At any given date, some populations were still living in relatively simple social worlds while others had already crossed into much more complex ones. And populations grouped into the same broad archaeological stage could be separated by very large spans of time. That mismatch is what makes the whole exercise possible. Once we exploit the fact that date and stage are misaligned, we can ask the real question: when educational-attainment polygenic scores rise through ancient time, are we just looking at chronology, or are we also looking at civilization?

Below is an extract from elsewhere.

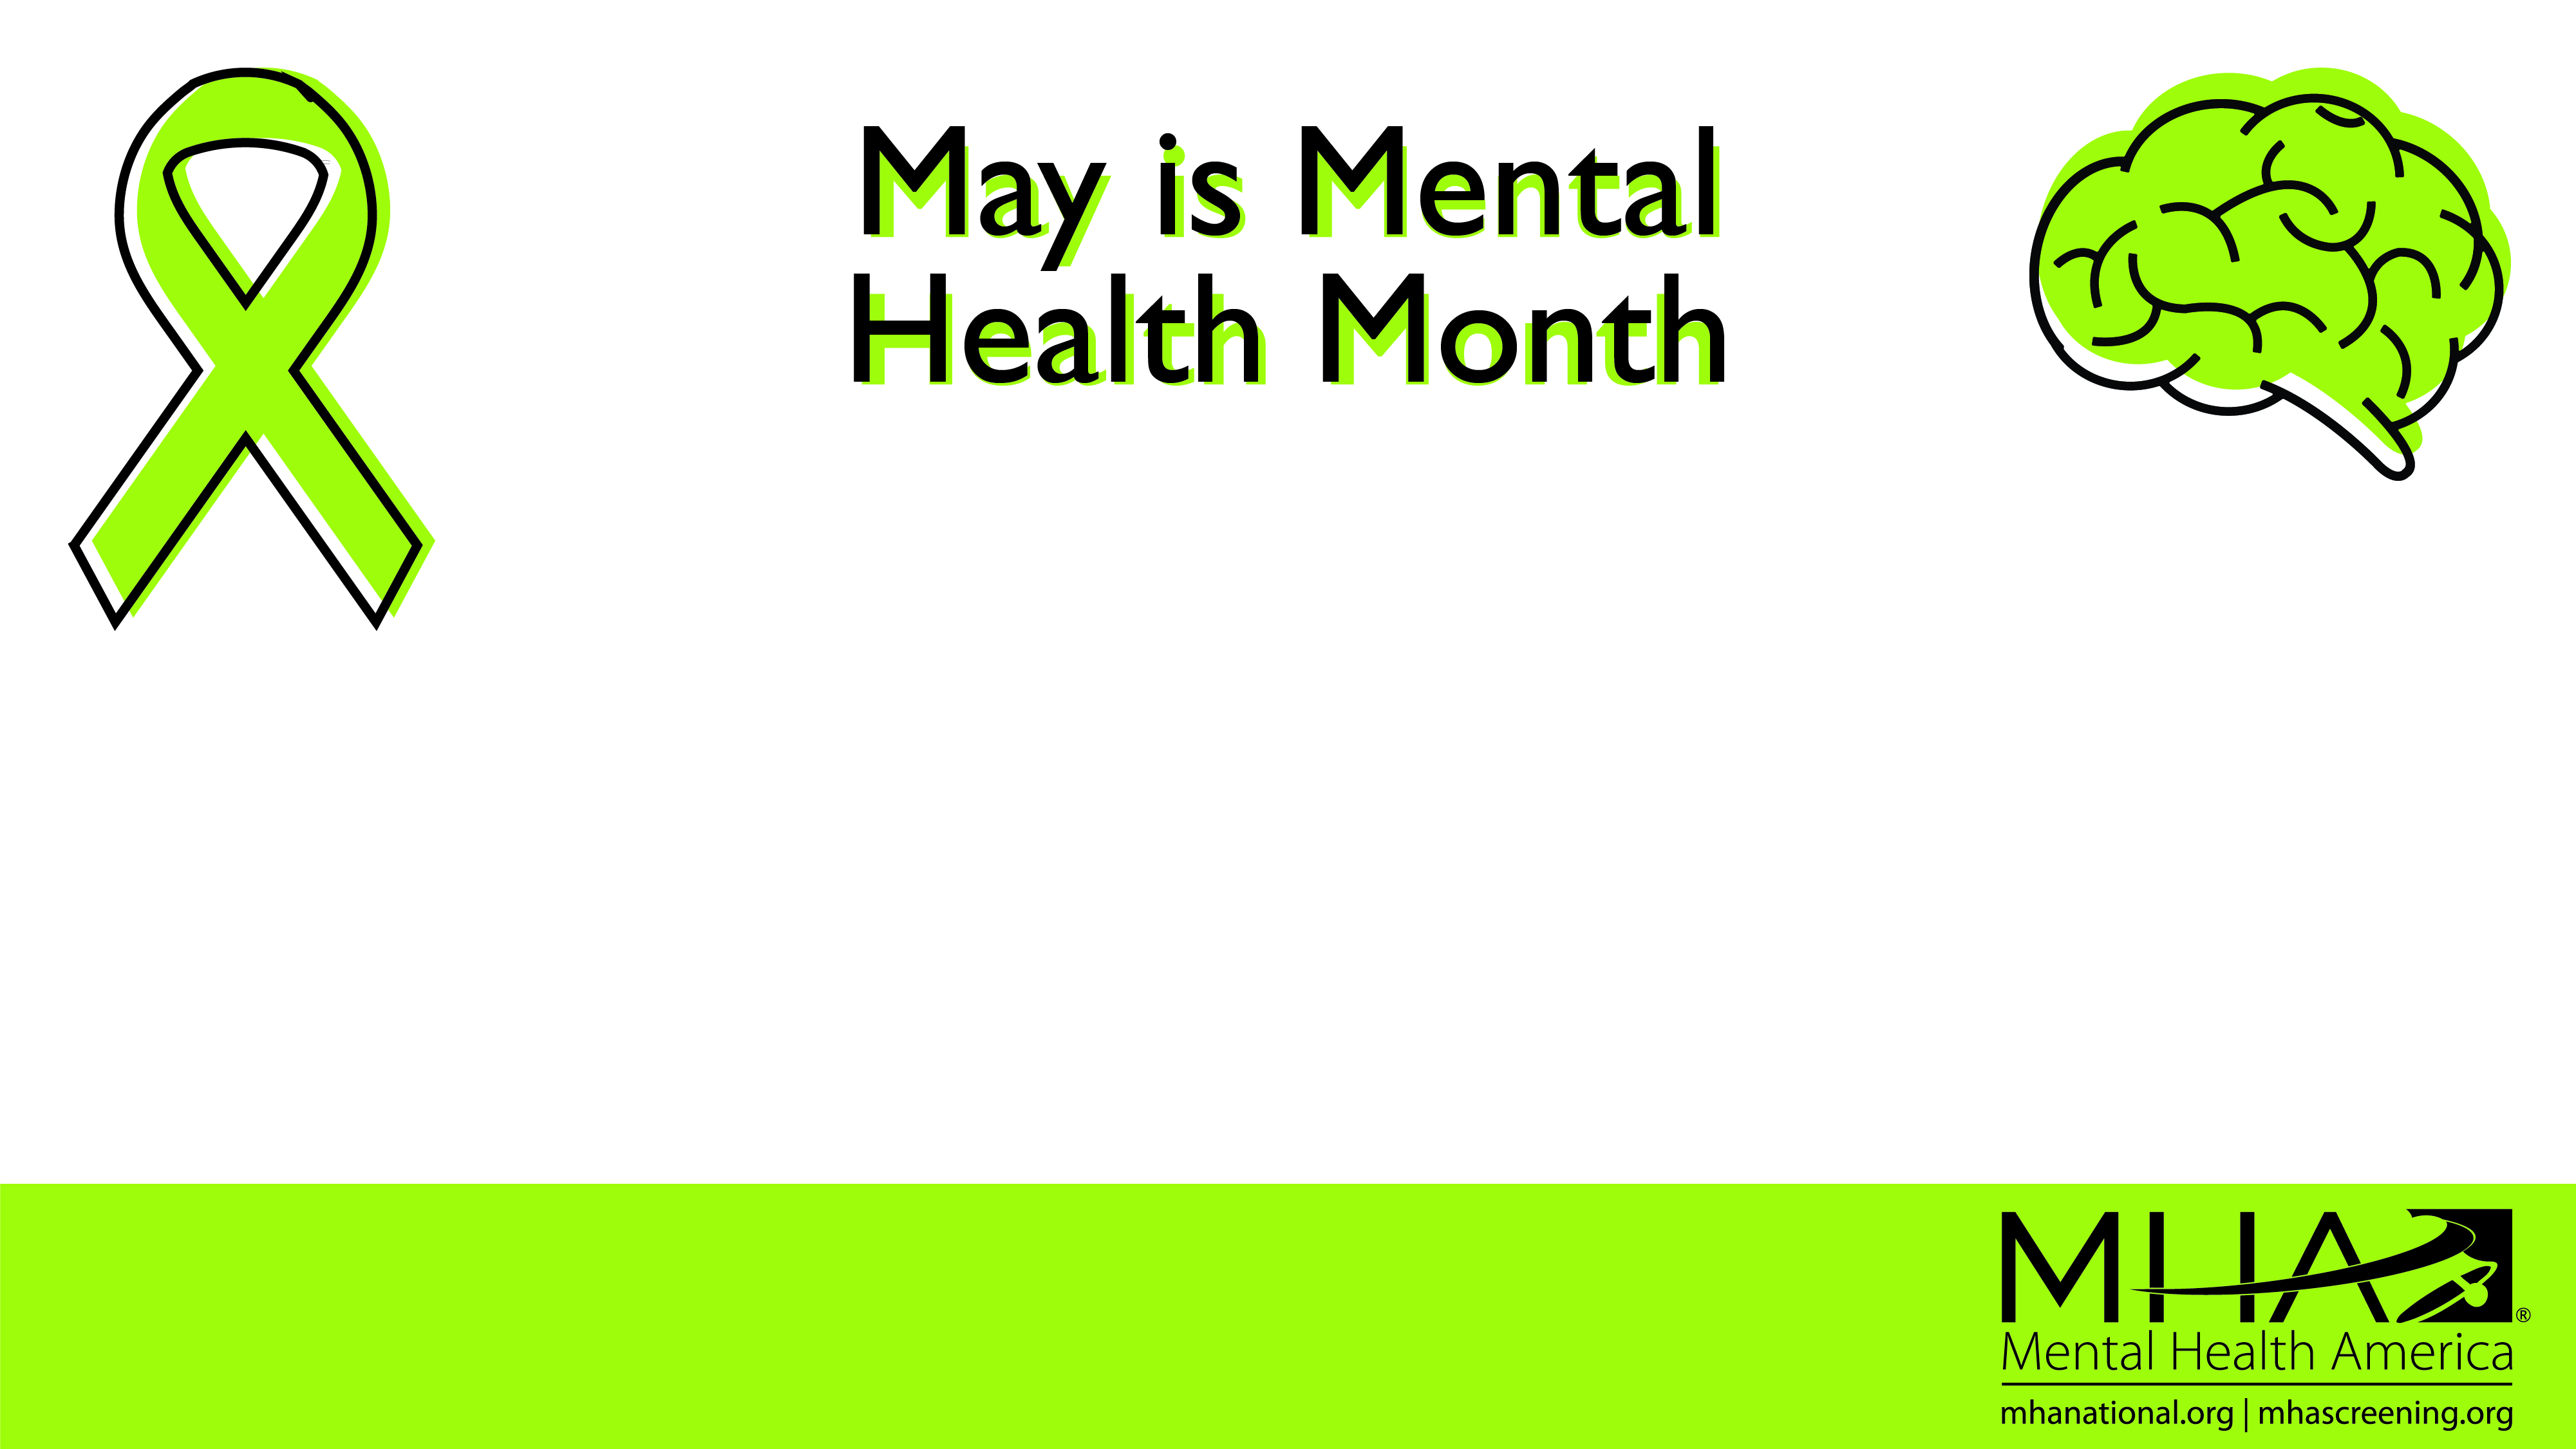 May is Mental Health Month with green ribbon and brain

The key identification fact is simple: archaeological stage and absolute date do not move in lockstep, as shown in Fig. 1.
Figure 1. Chronology and Civilization Stage Do Not Move in Lockstep

Brief Methods Note
This follow-up uses the AADR v66 2M panel. After excluding modern individuals, archaic and non-human samples, and groups lacking the variables needed for the model, the full ancient analysis set contains 12,221 individuals. The stricter metadata-only subset, in which archaeological periods come directly from metadata rather than heuristic assignment, contains 8,069 individuals. The main specification is a weighted mixed model with ancestry PCs, coverage, latitude, absolute date, and a random intercept for merged archaeological group (`Group_base`). The headline robustness checks focus on the metadata-only subset and on the <=12k BP window.
The focal trait is educational attainment because it is the best-powered available polygenic index for the broad cluster of abilities and dispositions that modern societies reward as human capital. Delay discounting was included for a different reason: as an exploratory proxy for the non-cognitive side of human capital, especially future orientation and willingness to defer immediate reward. Height was included as a comparison trait rather than a substantive target. If Height were flat while EA remained strongly structured, that would make the EA result easier to interpret as trait-specific rather than background structure.
Results
The first result is the one that motivated this entire line of inquiry: educational-attainment polygenic scores still rise through time in the new dataset. More recent ancient samples tend to have higher EA scores than older ones. That part of the story survives the larger AADR release, corrected labels, and score-specific weighting.
But the more important result is that chronology does not seem to exhaust the signal. The cleanest way to show that is to treat archaeological stage as an ordered outcome and ask whether higher EA scores predict assignment to later stages once absolute date, ancestry PCs, coverage, and latitude are controlled. In those ordered-probit models, the answer is yes. The association survives not just in the metadata-only subset, but also in the stricter metadata-plus-direct-date and metadata-plus-low-uncertainty subsets.
The main result is not simply that later samples score higher on EA. It is that, net of date and ancestry controls, higher EA scores are associated with later archaeological stage, and that relationship is more robust than the corresponding Height association in the stricter subsets.
The headline specification treats archaeological stage as an ordered outcome rather than a continuous score.
Table 1. Trait effects and Years BP controls across dating-quality subsets.

The real question is whether these results hold up once you start tightening the screws: stricter dating, metadata-only classifications, comparison traits, and alternative model specifications. That is where this either becomes interesting or falls apart.